A23F-3322:
Testing the Sensitivity of Extratropical Cyclones to Variations in Environmental Conditions

Tuesday, 16 December 2014
Gregory Tierney1, James F Booth2 and Derek J Posselt1, (1)University of Michigan Ann Arbor, Ann Arbor, MI, United States, (2)CUNY City College, New York, NY, United States
Abstract:
Extratropical cyclones are a main driver of mid-latitude weather conditions, continually interacting with their synoptic and mesoscale environment. These systems are a product of the cyclogenetic environment in which they develop, and their associated circulation, latent heating, and radiative heating in turn exert significant influence on the near and far-field dynamic and thermodynamic state.
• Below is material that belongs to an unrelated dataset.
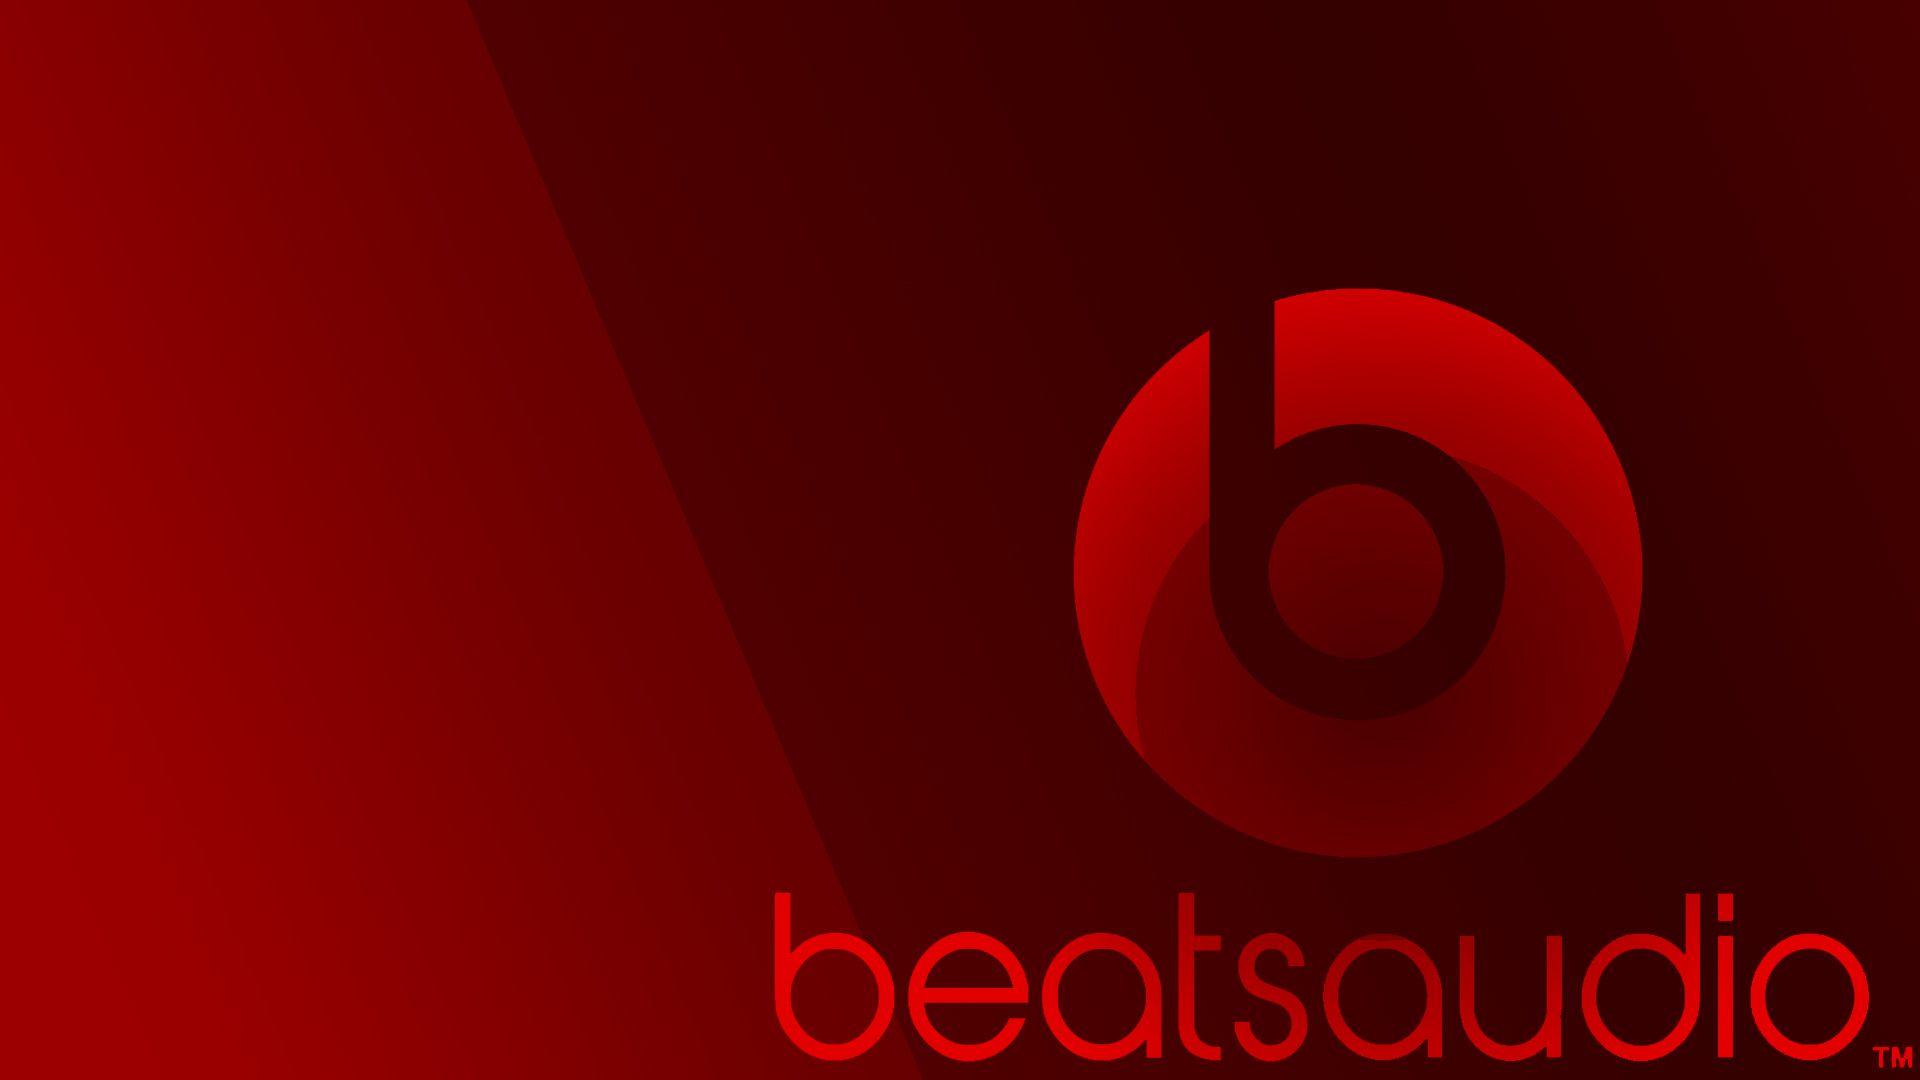 Beats HD Wallpaper For Mobile

With the projected warming to our climate system, the environments in which mid-latitude cyclones develop are changing, as are the controlling influences on storm characteristics: temperature, moisture content, jet strength, and baroclinicity. Feedbacks between changes in the initial environment and changes in extratropical cyclone properties represent a challenge to our ability to characterize the effects of changes in climate on the winds and rainfall produced by these storms.
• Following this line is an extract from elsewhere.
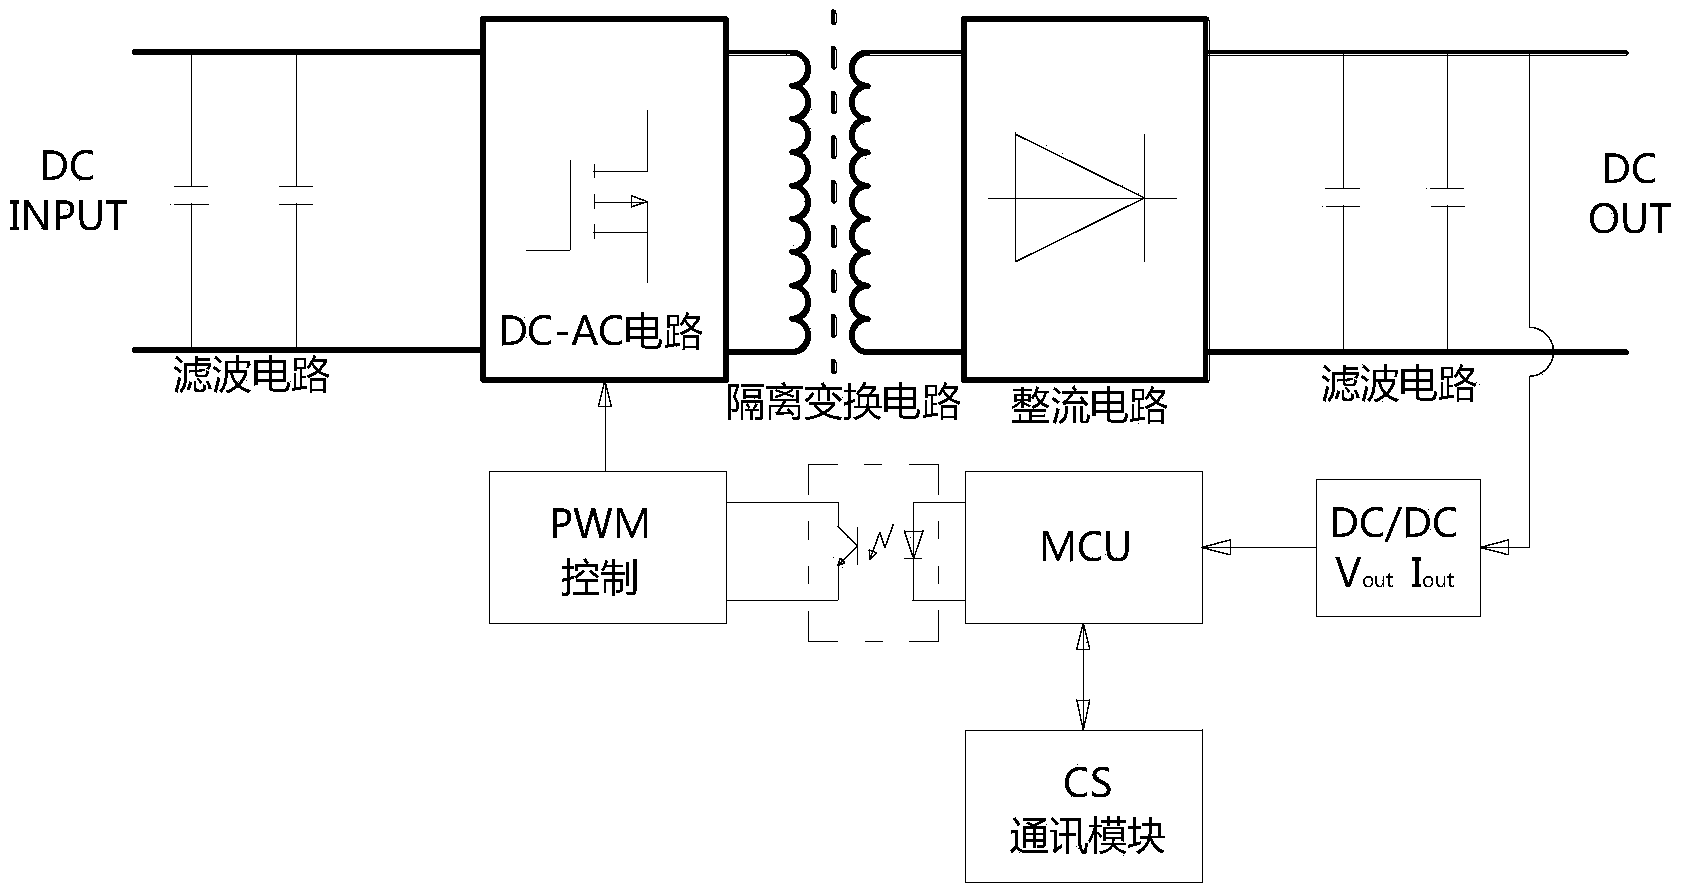 DC/DC conversion and control system used for standby power system of proton exchange membrane fuel cell

In this presentation, we consider how extratropical cyclones might respond to simultaneous changes in multiple environmental factors. We utilize an idealized version of the Weather Research and Forecasting model (WRF), allowing for systematic control of environmental conditions. We perform a comprehensive ensemble analysis by tracking the variations in extratropical cyclone properties as a function of the changes in the surrounding environment, with the aim of identifying key controls on cyclone characteristics. We consider the socially relevant impacts of changes in dynamics and precipitation, as well as considering the climatologically relevant impacts of changes in cloud and radiative properties. We identify and implement tunable variables best approximating changes in temperature, moisture content, jet strength, and baroclinicity. Examining the effects of each variable with single-variable sensitivity tests, we document the effect of each variable alone, before filling out a multivariate parameter space by combining variations of two or more variables. In reviewing the multivariate results, we use the single-variable functions to untangle potential feedbacks in the system, teasing out relationships and interactions between our tunable variables and their effects on the entire system.